18
Sep 10

Things learned recently

1.

First, the climate for buying and selling houses is crazy… a house that we bought 6 years ago with zero down and no questions asked is now something that lenders are taking a VERY close look at… one walked away from it, another has agreed to do the deal, about a week late.  We’ll make about… get ready for it… $500.  Luckily we only put in about $30K in improvements.  I’m very glad to be getting out of the real-estate game in Silicon Valley where your half-a-million dollars doesn’t go real far.

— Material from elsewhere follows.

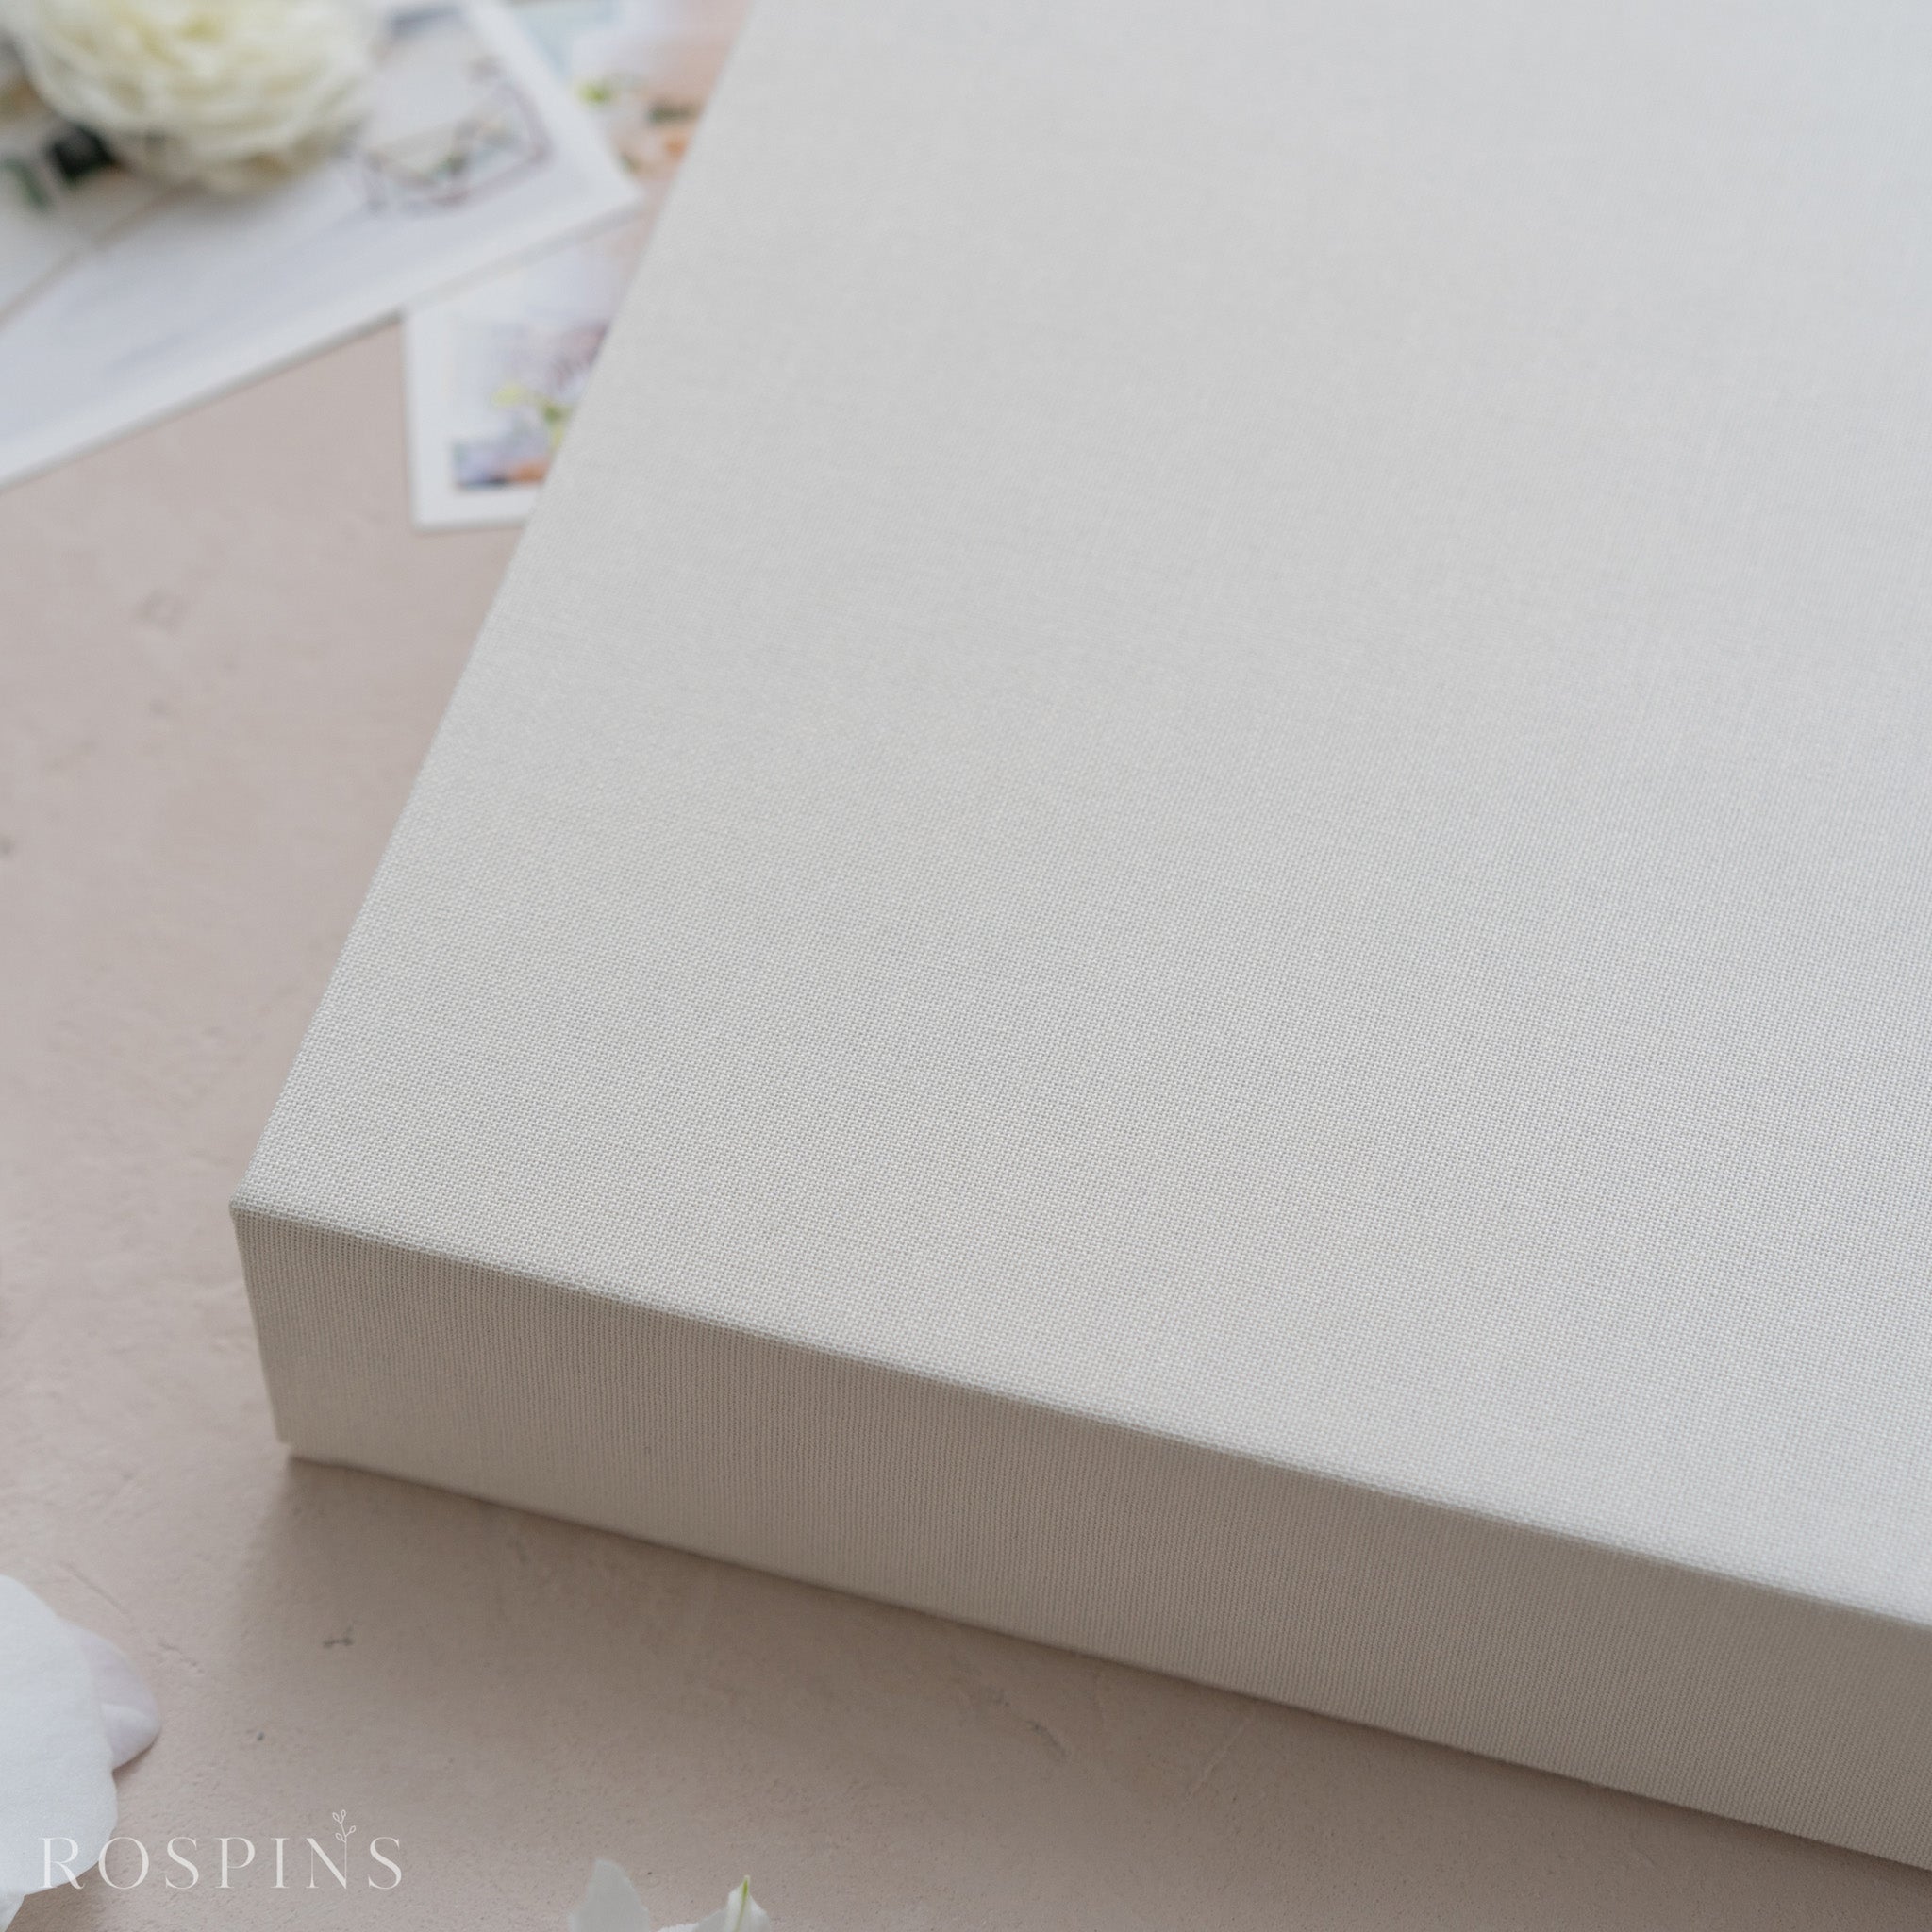 Linen Four-Compartment Photo & USB Box - Creamy White

Depending on the neighborhood, this could be $500,000 - $1,000,000

2.

It takes a long time to get to Aitutaki… I just did a little Kayak search and it figures it would take about 68 hours to get from SFO to the capital of the Cook Islands (and longer to get to Aitutaki).  Man… I’d love to fish with Butch, but that one is going to have to go on the “next 10 years” list.

2 1/2.

Turns out there is a glitch with the iPad kayak.com app in that it seemed to add about 45 hours to the trip to get to Aitutaki.  It seems entirely possible to get to Aitutaki in something like 15 hours and maybe even less. I had one reader tell me this… which is awesome.

I think your calculations in flying to Aitutaki are a little off…my wife and I have tickets booked in January out of LA on Air New Zealand.  We leave LA on a 9.5hr non-stop to Rorotonga, have a short layover and then 55 minutes to Aitutaki.  The non stop is only available one day each week each direction, but it is available.  Plan on fishing with Butch 4 days while there and the rest on my own.  We’re going for two weeks too!

3.

I have started doing a little contract work (non-fly fishing related, very Silicon Valley related).  Work, as it turns out, gets in the way of writing this blog a bit.  Still, it might actually make it easier for me to enter into negotiations on future trips with the wonderfully beautiful and intelligent woman I conned into marriage I call my wife.

4.

I really like the Trout Underground… especially when I totally agree with him on things like the re-licensing effort on one of my favorite rivers.  I have found that my local fly club has signed up with the lunatic fringe and won’t respond to my questions about why the hell we’d do that.

5.

Frequent Flier miles on Alaska don’t do me a whole lot of good. No (as in zero) flights available for my open travel days to either Puerto  Rico or Belize.  Looks like I’ll be buying my plane ticket with cashish instead of accumulated miles.  To this I say “boooooo.”  However, on a positive note, the “SkyRider” seat has yet to become a reality… I don’t to take my red-eye on one of these satan seats.

No... no thank you.


17
Sep 10

Bahamian Flyfishing Federation (BFF) – Nice

Organizing is a good step in efforts to preserve what the Bahamas has to offer.  I’m hoping the BFF will be a loud voice advocating to preserve bonefish habitat throughout the Islands.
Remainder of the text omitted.